Сколько часов мы протопали так вокруг парт в хмурые, безотрадные зимние дни! Газ еще не зажгли, и сумрак в этот послеполуденный час, казалось, медленно начинает вставать с пола, очнувшись ото сна; вот мы погружаемся в него по колено, потом он поднимается выше, в нем тонут руки, а под конец и лицо. Но мы продолжаем топать и зубрить: (a + b) и (a — b)… О господи, у меня больше нет ни друзей, ни родителей, ни отчего дома, ни брата и сестер. Даже об экзамене нельзя подумать. Ибо экзамен означал бы конец тому, что сейчас происходит, а этому конца не будет! Ради самоцели мы будем здесь маршировать, притопывать, словно в каком-то диком воинственном танце, час за часом, всю жизнь, пока из мозгов пойдет пар, весь мир исчезнет, наше я сотрется и не останется ничего, кроме a2 + 2ab + b2! Боже мой! (С притопом на «мой»!)
На своем последнем уроке герр Мутезиус дал мне ценное наставление.
— Послушайте, — сказал он. — Послушайте, вы, как вас там…
(Дело в том, что герр Мутезиус упорно обращался ко всем своим ученикам, невзирая на их возраст, только на «вы». И не ради того, чтобы выразить какое-то особое уважение, а просто потому, что ему было лень запоминать, кому из учеников следует говорить «вы», а кому — «ты». Равным образом не запоминал он и фамилии и всех одинаково называл собирательным «как вас там».)
— Послушайте, вы, как вас там! — сказал герр Мутезиус. — В Лейпциге вам придется сдавать профессору, который видит насквозь, не вздумайте вкручивать ему, что вы, как вас там, хоть что-то поняли в математике! Придерживайтесь заученного, предупреждаю вас… Если что-нибудь не знаете, то не болтайте вздор, а ответьте честно: я этого не знаю, мне этого Мутезиус не вдолбил. Скажете, что отсутствовали, что у вас была краснуха, — все лучше, чем бредни. А если все-таки окажетесь в затруднении, то хитро переведите разговор на Хустона Стюарта Чемберлена.[70] Слышали когда-нибудь о нем? Нет? Еще бы! Да и откуда вам знать?! Он написал книгу «Основы двадцатого века», книга — конек профессора. Если вам удастся усадить его на конька, вы спасены, даже если покажетесь ему еще большим невеждой, чем вы есть на самом деле!
Засим герр Мутезиус расстался со мной, и больше я о нем ничего не слышал. Вспоминая его теперь, я ломаю голову: может ли такой человек жить, как все люди, есть ли у него жена и дети, кто ему чистит черный сюртук, есть ли у него какие-либо страсти, любит ли он пиво, что он ест? Но все эти вопросы остаются без ответа.
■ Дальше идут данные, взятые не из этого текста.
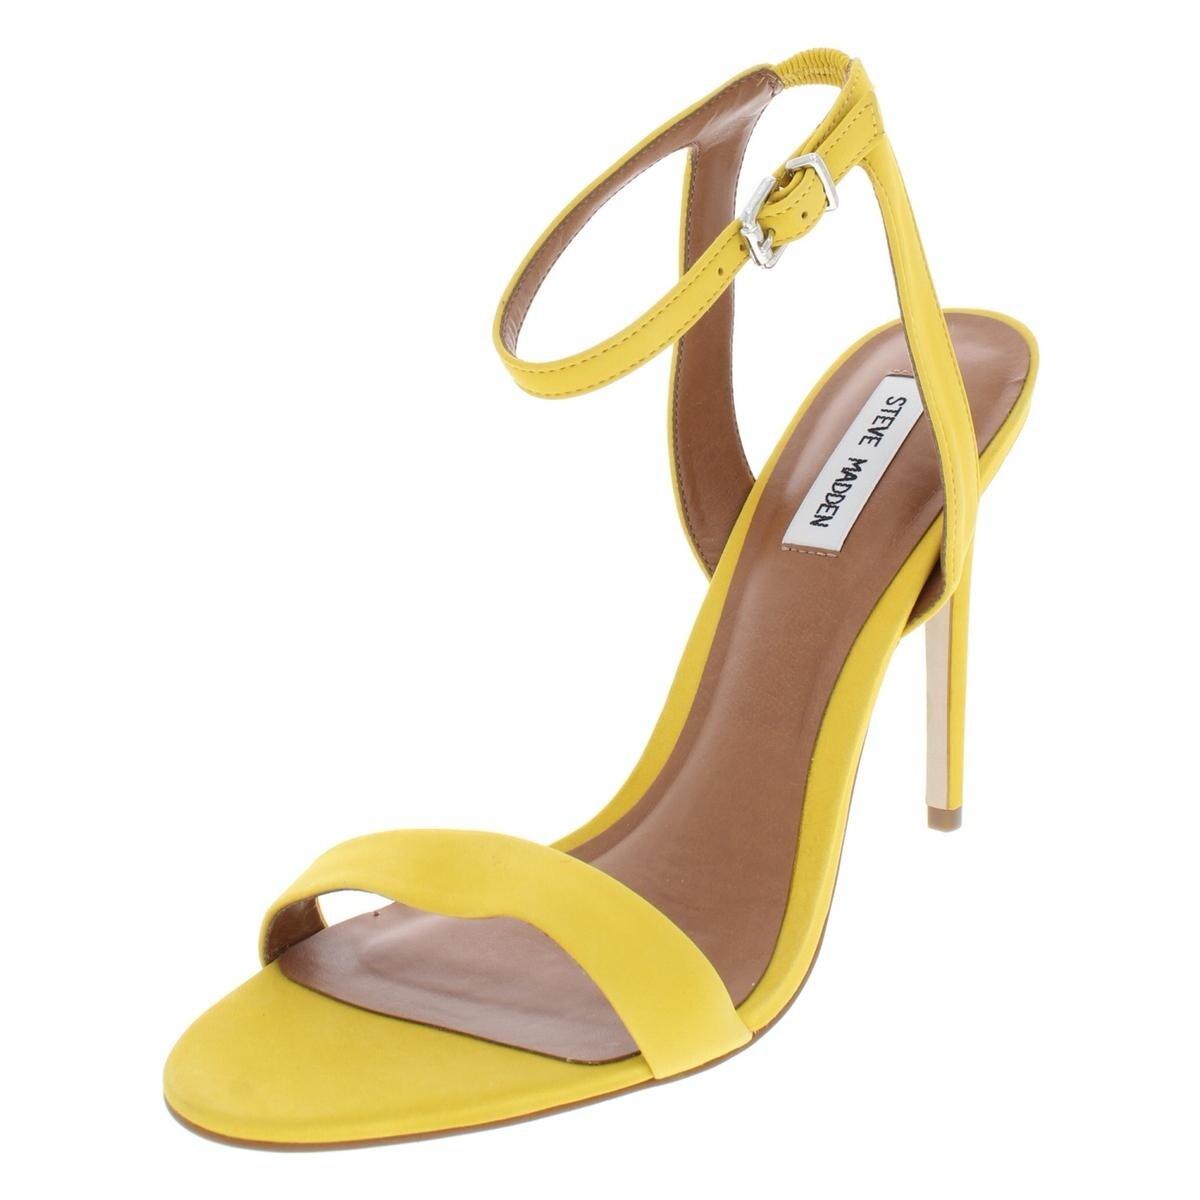 0239bc81eaa Steve Madden Womens Landen Dress Sandals

Я не могу себе представить герра Мутезиуса где-либо еще, кроме той классной комнаты: сгущаются сумерки, а он все кружит и кружит, все притопывает и притопывает, размахивая линейкой и скандируя: (a + b) и (a — b)!
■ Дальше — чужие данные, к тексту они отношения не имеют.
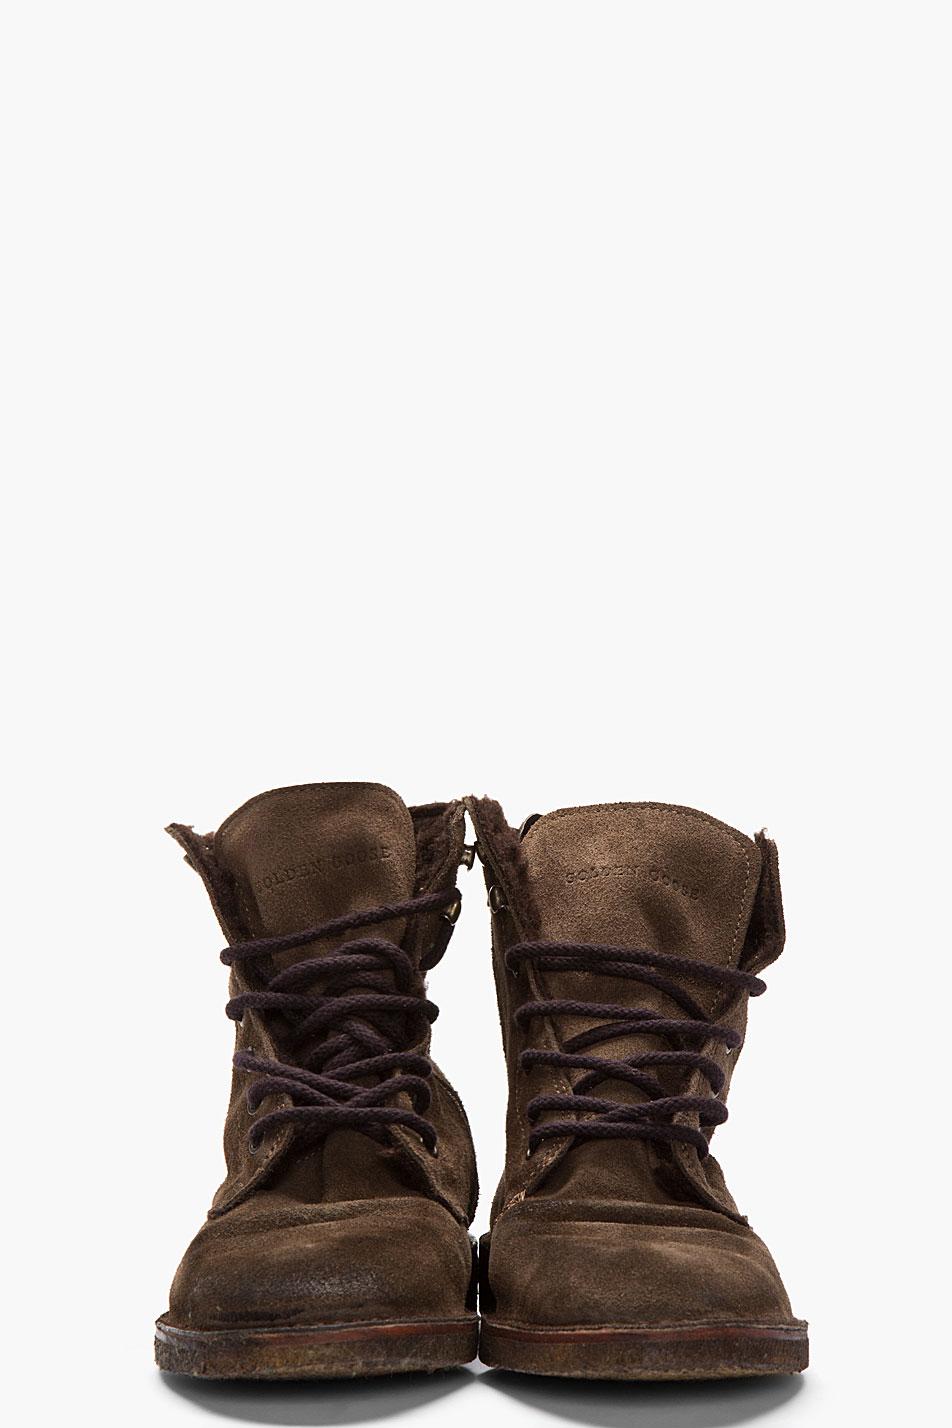 Golden Goose Deluxe Brand Brown Suede Gramercy Boots In

И вот лучезарный апрельский день, незадолго до праздника пасхи. Я спускаюсь по широкой лестнице гимназии имени королевы Каролы, а внизу стоит отец и с нетерпеливым ожиданием смотрит на меня. Я ступаю как можно медленнее. Чтобы скрыть переполняющую меня радость, я нахмурился и стараюсь выглядеть возможно мрачнее.
Но, наверное, я очень плохой актер, ибо полное ожидания отцовское лицо расплывается в довольной улыбке.
— Сдал, Ганс? Значит, выдержал?! — говорит он, сияя от счастья.
— Где там, пап! — пытаюсь я продолжать начатую игру. — Провалился с треском!
— Хватит притворяться! — смеется отец. — Я же по глазам вижу! Трудно было?
— Ни капельки! — смеюсь я. — Для того, кто побывал в лапах у Дакельмана, это игрушки! Все сдал с блеском, даже матему!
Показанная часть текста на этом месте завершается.